Разстояніе между ними убавилось. Она усѣлась къ нему, хотя и не на колѣни, но на маленькую табуретку у его ногъ, и въ то время, какъ онъ читалъ, она ласково склоняла свою головку на его колѣни… такъ, что, пользуясь выгодами своего положенія, капитанъ принялся цѣловать Жанну съ нѣкоторой горячностью. Она отклонилась… но не тотчасъ…

— Ну, перестань, сказала она ему; кончи и начинай.

Онъ началъ:

"Четвергъ 5 іюня. Сегодня утромъ, послѣ маневровъ, мы возвращались шагомъ вдоль аллеи des Loges. Подходитъ адъютантъ звать меня къ полковнику… Я нагоняю его въ головѣ колонны. — Капитанъ, сказалъ онъ мнѣ, не желаете ли вы продать вашу новую лошадь? — Конечно нѣтъ, полковникъ… — Даже съ хорошимъ барышемъ? — Даже съ хорошимъ барышенъ. — Это для одной очень хорошенькой дѣвушки, которая васъ знаетъ. — Которая меня знаетъ, полковникъ? — Да она встрѣчала васъ нѣсколько разъ, видала васъ на террасѣ… наконецъ, она повидимому васъ знаетъ… и я даже замѣтилъ, что, когда я произнесъ вчера ваше имя, она покраснѣла, и даже очень замѣтно покраснѣла. — Но кто же она такая, полковникъ? — Это дочь одного инженера, г. Лаблиньера. — Блондинка, полковникъ? — Да, блондинка. — Которая живетъ въ домѣ, что на террасѣ? — Именно та; вы видите, что знаете ее. — По виду только, полковникъ. — И такъ, подумайте, не захотите ли вы уступить вашу лошадь этой хорошенькой блондинкѣ… До свиданья, капитанъ…

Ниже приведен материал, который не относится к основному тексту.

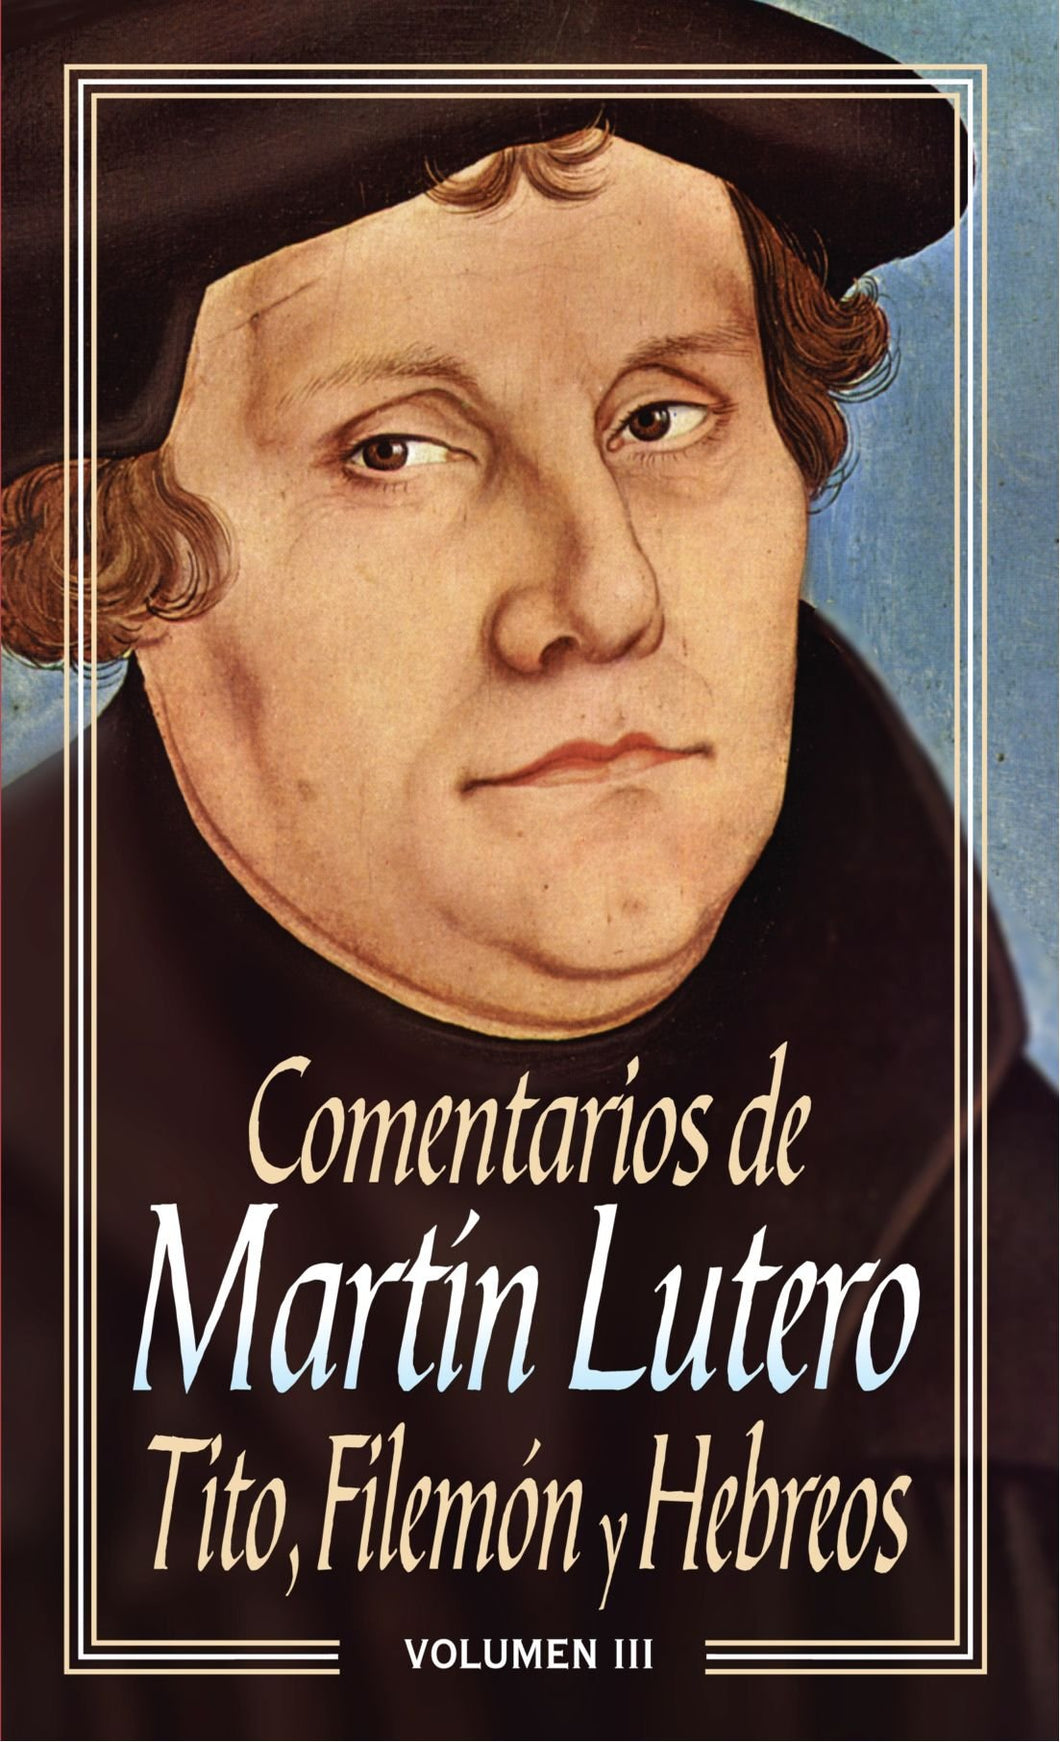 Comentarios de Martín Lutero III-Tito, Filemón y Hebreos by Editorial Clie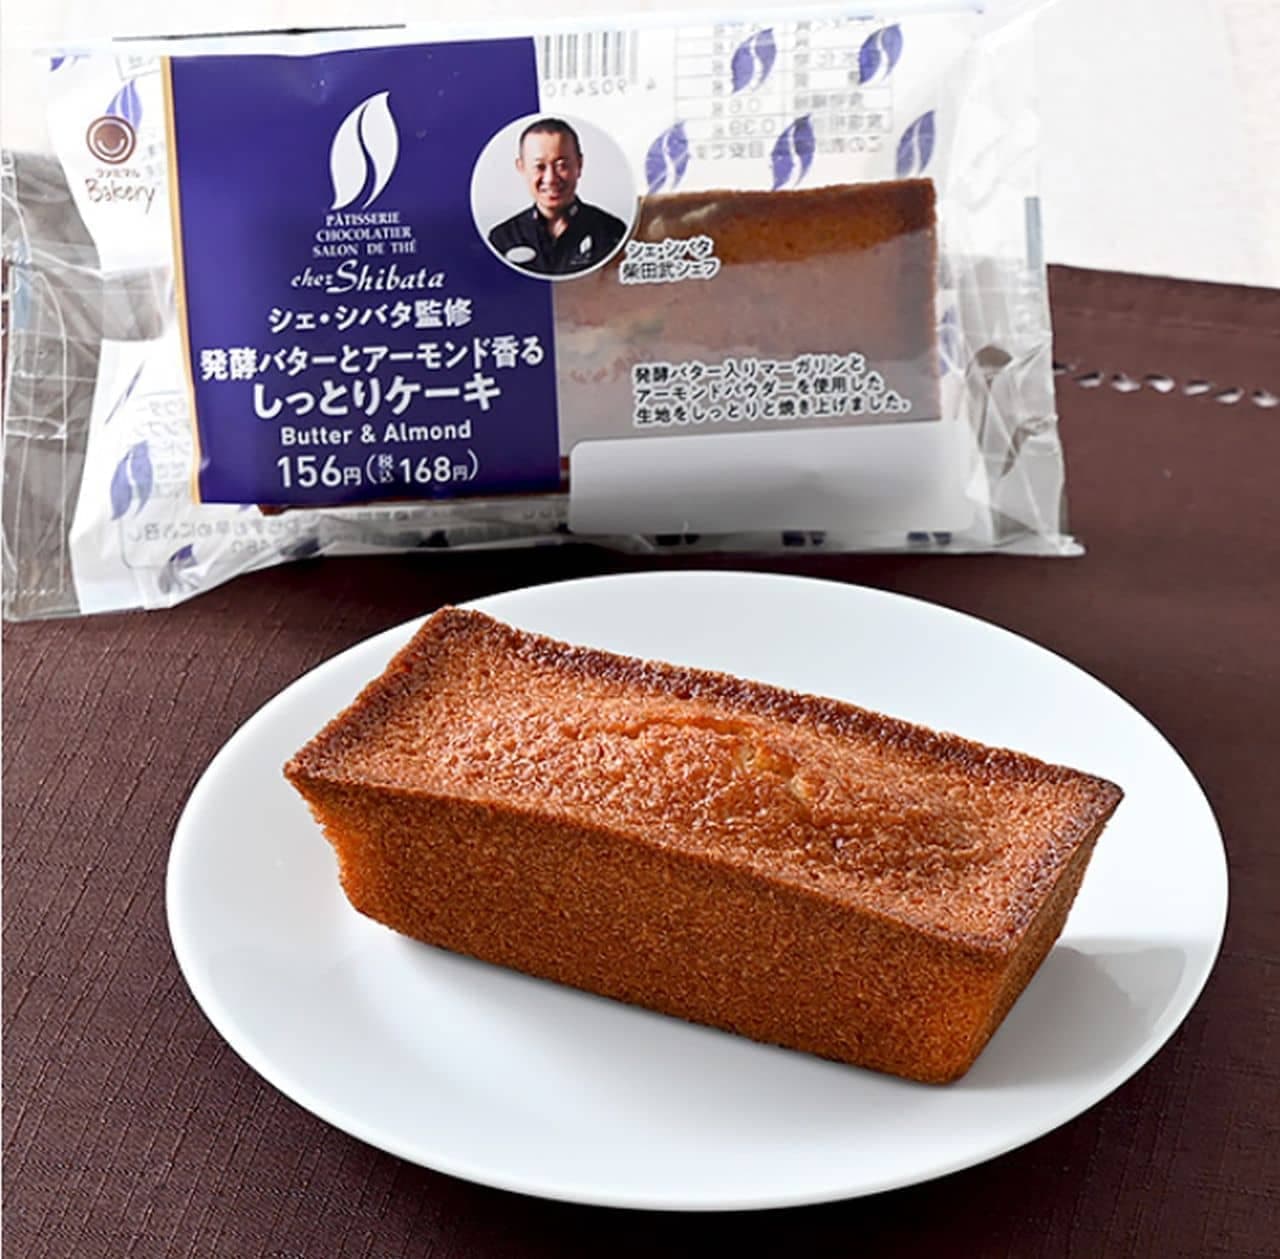 ファミリーマート「【東海・北陸】シェ・シバタ監修 発酵バターとアーモンド香るしっとりケーキ」

"Продать Юпитера? Кому нибудь другому — никогда!.. Ей!.. Я колеблюсь… ина такая хорошенькая!.. Услышавъ мое имя, она покраснѣла… Полковникъ это видѣлъ вѣроятно не снѣ… Почему бы она покраснѣла? Почему?

"Сестра моя, Луиза пріѣзжаетъ въ одиннадцать часовъ… Она зоветъ меня завтракать съ ея дѣтьми. Это праздникъ въ Сенъ-Жерменѣ, и дѣти просятъ пойти послѣ завтрака въ магазины. — Дядя, если здѣсь есть фотографъ, то ты велишь снять съ насъ портреты. — Согласенъ…

"Какъ разъ, мы находимъ фотографа; и входимъ къ нему въ мастерскую… Она была тамъ!.. съ своимъ маленькимъ братомъ, своей матерью и огромнымъ чернымъ пуделемъ. Маленькій братъ сидѣлъ на полу около пуделя, и уговаривалъ его быть смирнымъ: — Смотри, Бобъ… не шевелись… для того, чтобы сдѣлать твой портретъ…

"Но Бобъ не обращалъ ни малѣйшаго вниманія на просьбы мальчика, который, потерявъ всякое терпѣніе, обратился къ сестрѣ: — Поговори ему, Жанна, поговори ему… ты одна имѣешь на него вліяніе… и поговори ему по англійски; онъ понимаетъ по англійски гораздо лучше, чѣмъ по французски. — Да нѣтъ, Жоржъ, вѣдь это смѣшно. — Жанна, миленькая Жаина…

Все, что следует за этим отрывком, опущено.